2. Appellee Hospital has not waived its charitable immunity by creating a self-insurance plan. See Ponder v. Fulton-DeKalb Hosp. Auth., supra at 835 (2). Appellant’s attempts to distinguish Ponder have been considered and found to be without merit.

3. Appellant urges that the doctrine of charitable immunity was erroneously extended to appellees Dr. Daly and Dr. Russell.

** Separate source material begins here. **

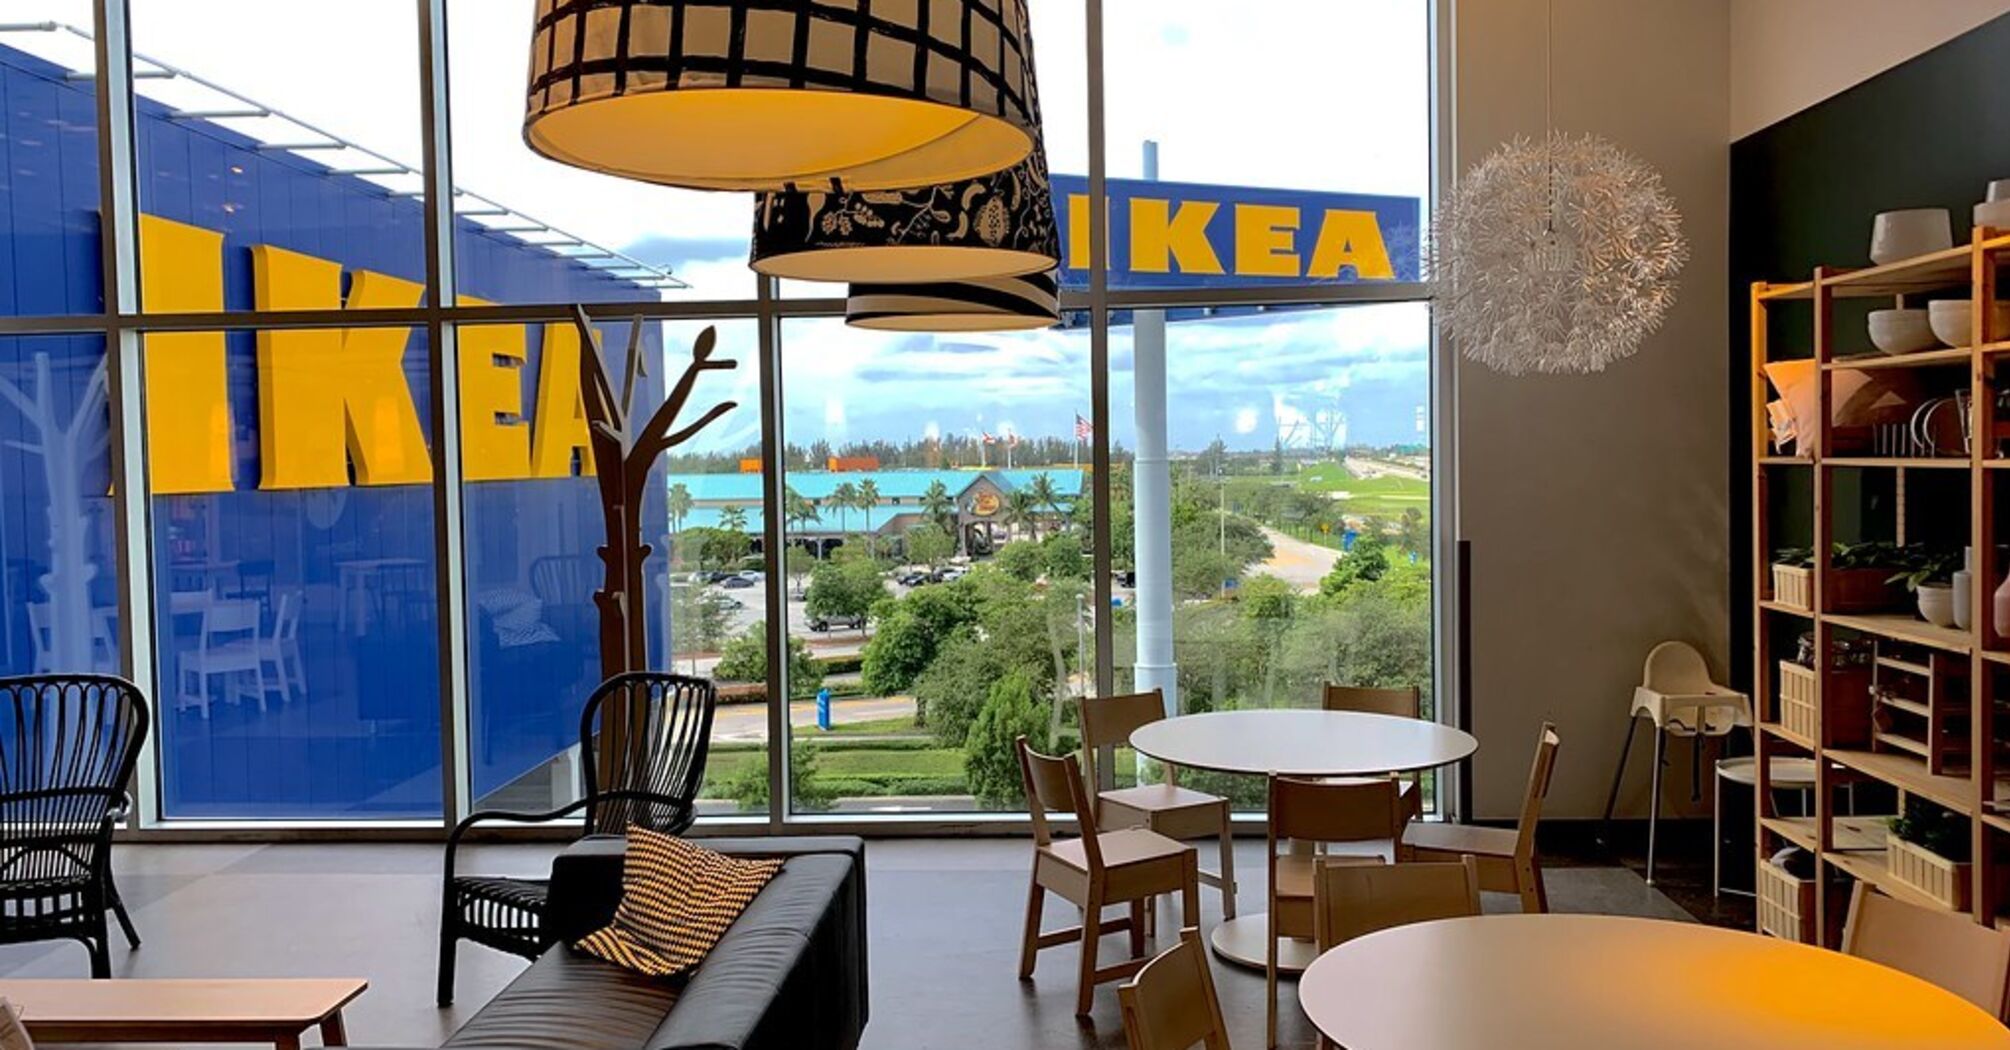 IKEA may reopen in Ukraine

Appellees Dr. Daly and Dr. Russell had a duty to exercise a reasonable degree of care and skill in providing medical services to appellant. See OCGA § 51-1-27. Insulating them from liability for breaching this duty simply because they were employed by a charitable hospital would not further the purpose of the charitable immunity doctrine. “By design the charitable immunity doctrine protects the funds of the charitable institution from depletion in order that these funds may be [preserved] to carry out the charitable purpose of the institution for the benefit of its beneficiaries.” (Emphasis supplied.) Ponder v. Fulton-DeKalb Hosp. Auth., supra at 834 (1). To extend the doctrine of charitable immunity to physicians who are employed by charitable hospitals would only serve to insulate the resources of those physicians from the claims of patients who were injured as a result of alleged medical malpractice. Accordingly, we hold that the trial court erred in extending the doctrine of charitable immunity to appellees Dr. Daly and Dr. Russell and erred, therefore, in granting their motion for judgment notwithstanding the mistrial. Swofford v. Cooper, 184 Ga. App. 50, 53 (2) (360 SE2d 624) (1987) aff’d 258 Ga. 143 (368 SE2d 518) (1988); Jackson v. Miller, 176 Ga. App. 220 (1) (335 SE2d 438) (1985). See also Davis v. Stover, 258 Ga. 156 (366 SE2d 670) (1988).

4. The judgment is affirmed as to appellee Hospital and reversed as to appellees Dr. Daly and Dr. Russell.

Judgment affirmed in part and reversed in part.

Deen, P. J., Banke, P. J., Birdsong, Sognier, Pope, Benham and Beasley, JJ., concur. McMurray, P. J., concurs in part and dissents in part.